Philosopher George Santana once wrote: “There is nothing to which men, while they have food and drink, cannot reconcile themselves.”
Year after year I find myself returning to thoughts of simple business efficiencies and common sense–things that cost little or nothing, yet can produce dependable results and efficacy for the growth process. It’s often these quotidian things that define, clarify, and professionally personify you in the best possible manner.
One of my favorite little ways to do this is through the well-thought-out business lunch. A business lunch should be an effective tool to develop your brand and begin strong business friendships.
In no particular order here are 14 effective ways that I have used to make business eating ROI effective over the years.
- Pick a quiet restaurant. It obviously makes conversational intimacy easier. I’ve noticed increasingly higher restaurant noise levels in recent years. Try to obviate this by choosing a more muted environment.
- Choose a central, easy to reach location. It releases some of the tension about clients finding the restaurant, as well as making your client at ease about getting to her next meeting at the end of the meal.
- Arrive early and make your presence, specialized needs, and desired manner of service known to the maitre d’ and the wait staff. It relieves last minute anxiety.
- Pee beforehand. You then will not be forced to truncate a good conversation at an inopportune moment.
- Tip well. Hopefully you have found a restaurant that you will return to again and again. Waiters have long memories. (I know. I was one.)
- Don’t order messy food. Your flawed eating habits are quite disgusting enough.
- Don’t rush. Listen well and carefully during the meal. Don’t backend a meeting to your lunch that makes you need to conclude prematurely.
- Turn off your cell. Of course.
- Pay for lunch. Even if your guest insists on paying.
- Possibly pay in advance.
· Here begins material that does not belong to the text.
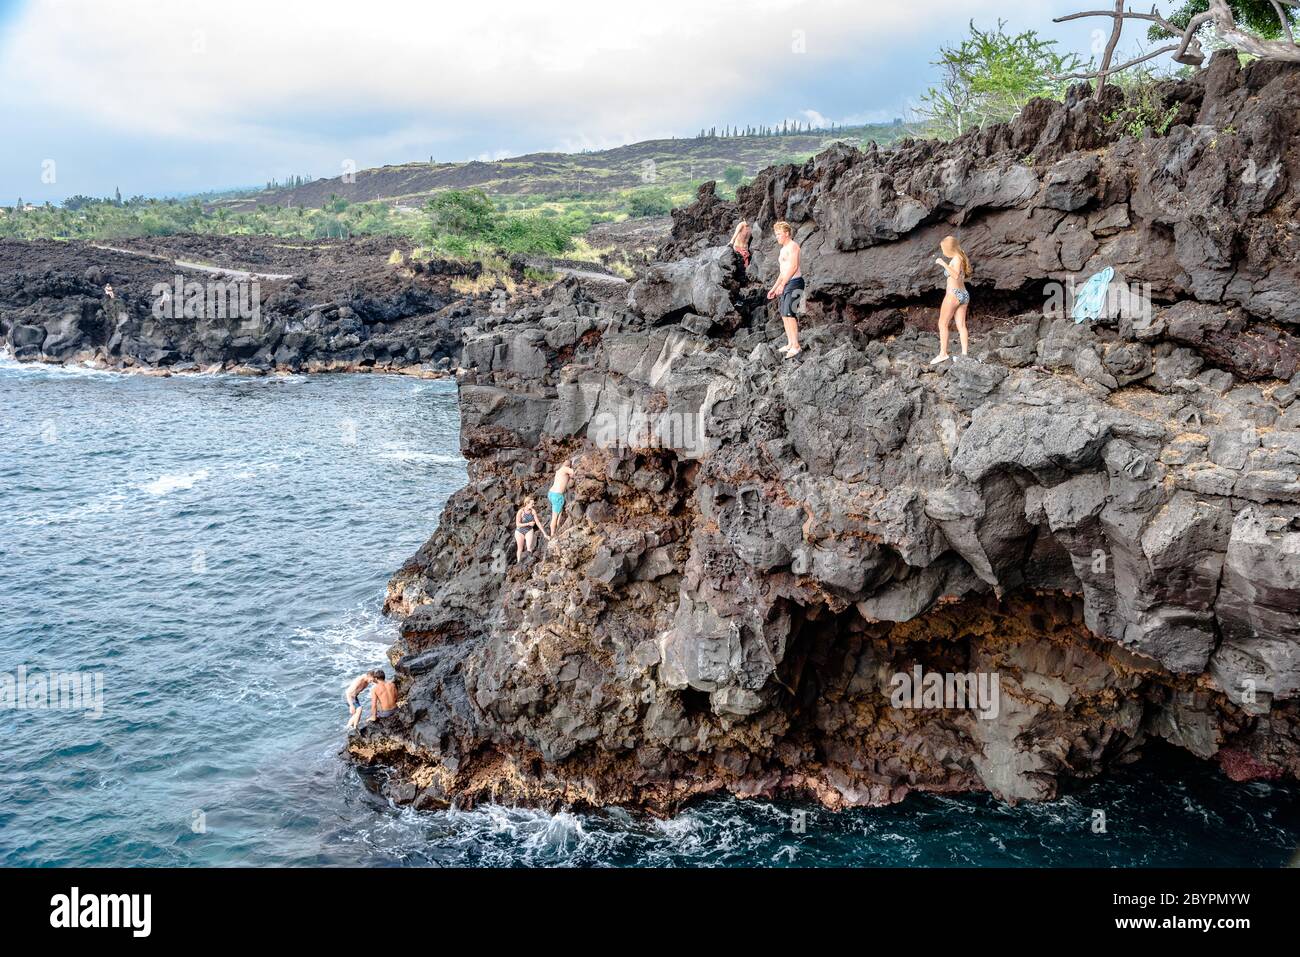 Les gens sautent sur la falaise dans la baie de Keauhou à la fin du monde sur la Grande île d'Hawaï Banque D'Images

This eliminates distracting clumsiness at the end of a graceful and successful business meeting. (Note my friend, writer Glenn Plaskin, who was once taken to lunch by Jackie Kennedy-Onasis to discuss a writing project. They met at a Park Avenue restaurant where Kennedy had picked out a quiet corner table and no bill was presented. Classy. Memorable.) (However, be careful. I once arranged to pre-pay for a dinner meeting. My client sat down and immediately ordered a bottle of Romanee Conti burgundy priced at over $1,000! Gulp.)
- Do not sell during a business lunch. Never, never, never. A business lunch exists to develop relationship, friendship, and trust, not to close deals. Work only on knowing and loving your client.
- Be aware that a shared meal can bring unconscious physiological openness to you and your client. Neuroscience shows that when you share a meal with someone, your glucose level rises, enhancing complex brain activities and reducing prejudice and aggressive behavior.
- Become an ally of your restaurant partner. For example, my favorite place for a business lunch in New York is called the Benjamin Steakhouse. It’s one block off Grand Central Station and convenient to everyone and everything in NYC. It’s a discreet and fairly quiet place with fine, but simple, cuisine. I’ve been going there for many years, so they know me–where I like to sit, what I eat, etc. They often allow me to stay and work after my meetings and I particularly like their wait staff which has an uncanny sensitivity as to when to serve and when not to interrupt. Over the years I have learned to make this restaurant my entrepreneurial partner, as well as my gastronomic vendor. I always introduce my clients to the maitre d’ and recommend the joint. It is important to remember that a restaurant is just as much an entrepreneurial business entity as your own company is. And you are natural business allies. The relationship should be collegial and mutually beneficial.
- Finally, recognize that eating is drama. Get into its process. Enjoy it. Famous restauranteur Warner Leroy writes, “A restaurant is a fantasy–a kind of living fantasy in which diners are the most important members of the cast.”
Note, the central rituals of many world religions center around food. The seder, the communion, the iftar, etc. A successful business meal should be enjoyed for its ceremony and process as well as for its utility. A good business meal is a graceful human dance about which preeminent American food writer M. F. K. Fisher once wrote: “Sharing food with another human being is an intimate act that should not be indulged in lightly.” Thanks Mr. Fisher.